Social Etiquette and Good Manners/Ettiquette on monument


QUESTION: Good Day Nancy,

I am helping make funeral/cemetary arrangements for my grandmother so that when she passes we have everything taken care of.

The situation is that she divorced many years ago, but never changed her name back to her maiden name, then about 8 years ago she remarried and took her new husband's name. But for a good 30+ years she was known by her ex-husband's last name. She is being buried in a family plot where her parents and sister are buried in her birth state.

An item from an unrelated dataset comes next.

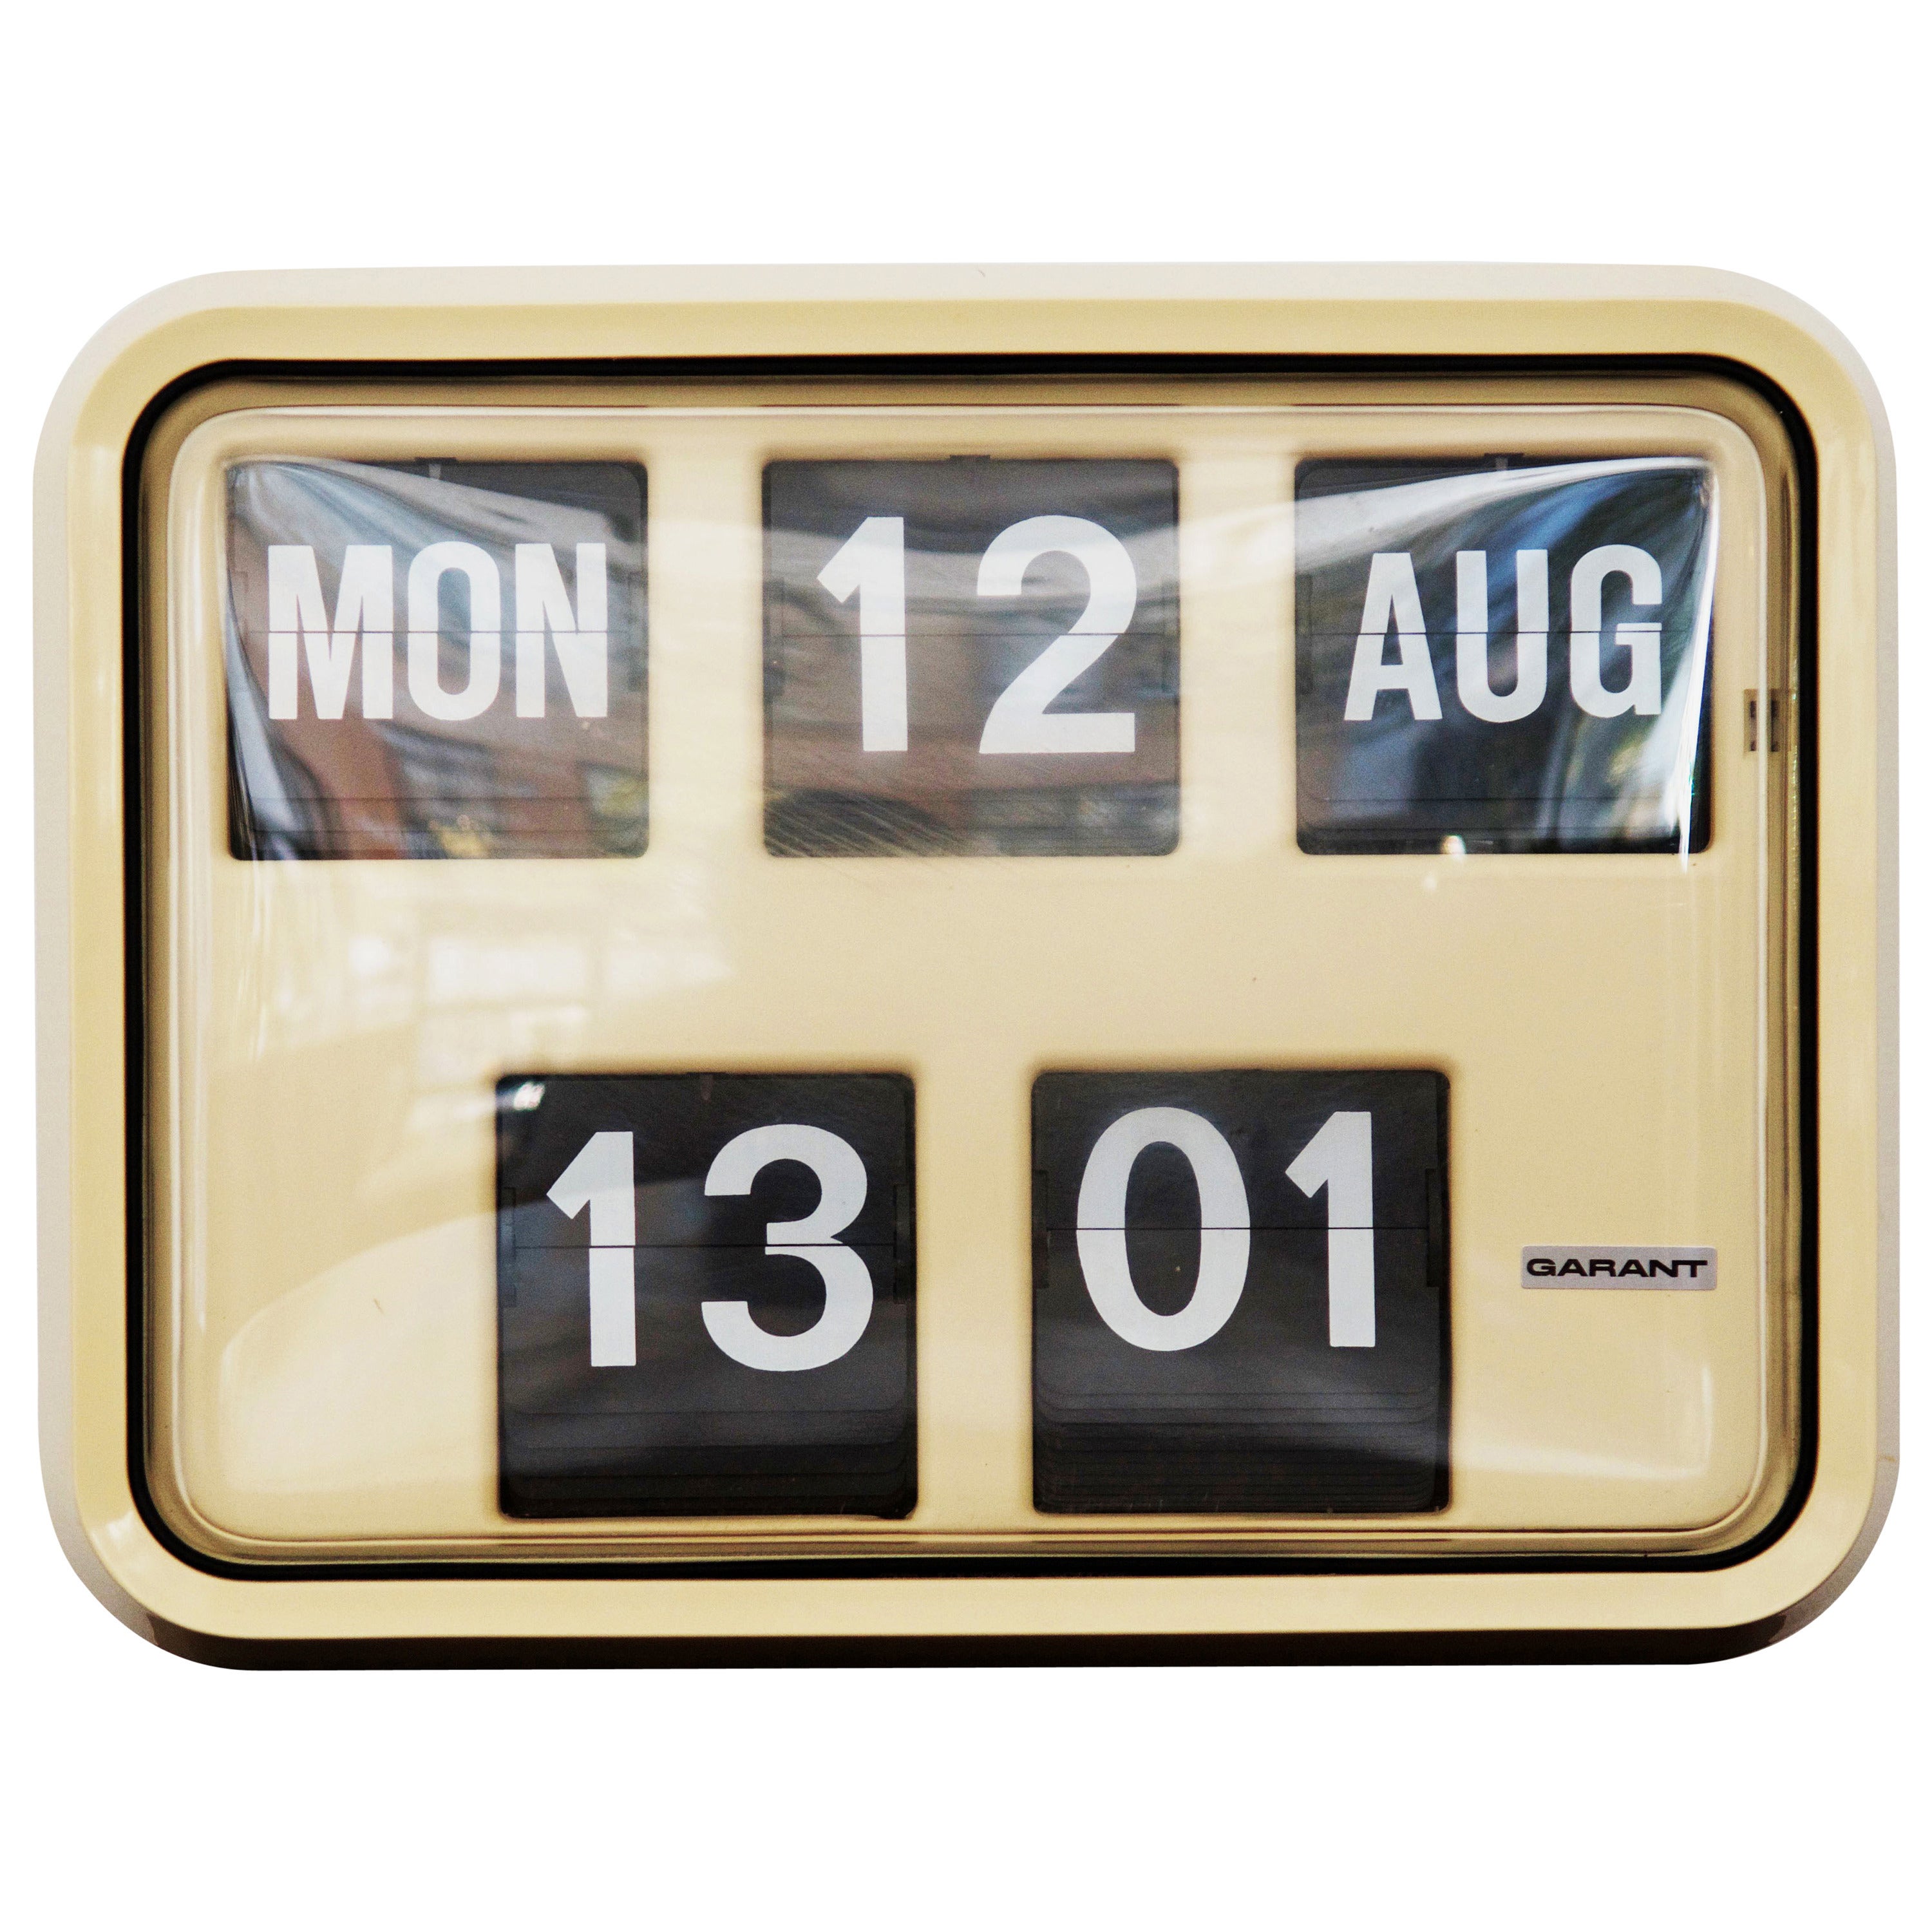 Flip Clock by Garand from 1970s

Now, for her headstone we are wondering what proper ettiquette is on how to list her name? My contention is that it would be appropriate to list her first middle and hyphenate the two married names with the 1st husband's name first in place of her maiden name.

Thank you so much for your time and assistance with this matter.



ANSWER: Dear Crystal:

Thank you for sharing your question with me.

You have an advantage that many family members don't have when designing the headstone of a  loved one, and that is that the loved one is living and can weigh in.

I recommend that you ask your grandmother what she prefers regarding her name for perpetuity. She may want to be remembered as Mrs. Husband 1 or Mrs. Husband 2, depending on the relationship that she had with each individual, and her preference will dictate the last name on her headstone. I would advise against using both married names separated by a hyphen.

Do try to steer your grandmother toward including her maiden name on her headstone out of respect for her lineage and for purposes of genealogy research.

---------- FOLLOW-UP ----------

QUESTION: Dear Nancy,

Thank you so much for sharing your knowledge. I realized in rereading my question I neglected to mention that my grandmother is in final stages of Alzheimer's and is unable to communicate her wishes on this matter. My concern is that if we list her as Mrs. Husband 2 our family will not recognize who she is since she went by Husband 1's last name for so many years. Our family within that state that we are not as in touch with may not even know her current last name.

Dear Crystal:

With this additional information, I do see a need for you to include both of your grandmother's married names on the headstone, for family and historical purposes.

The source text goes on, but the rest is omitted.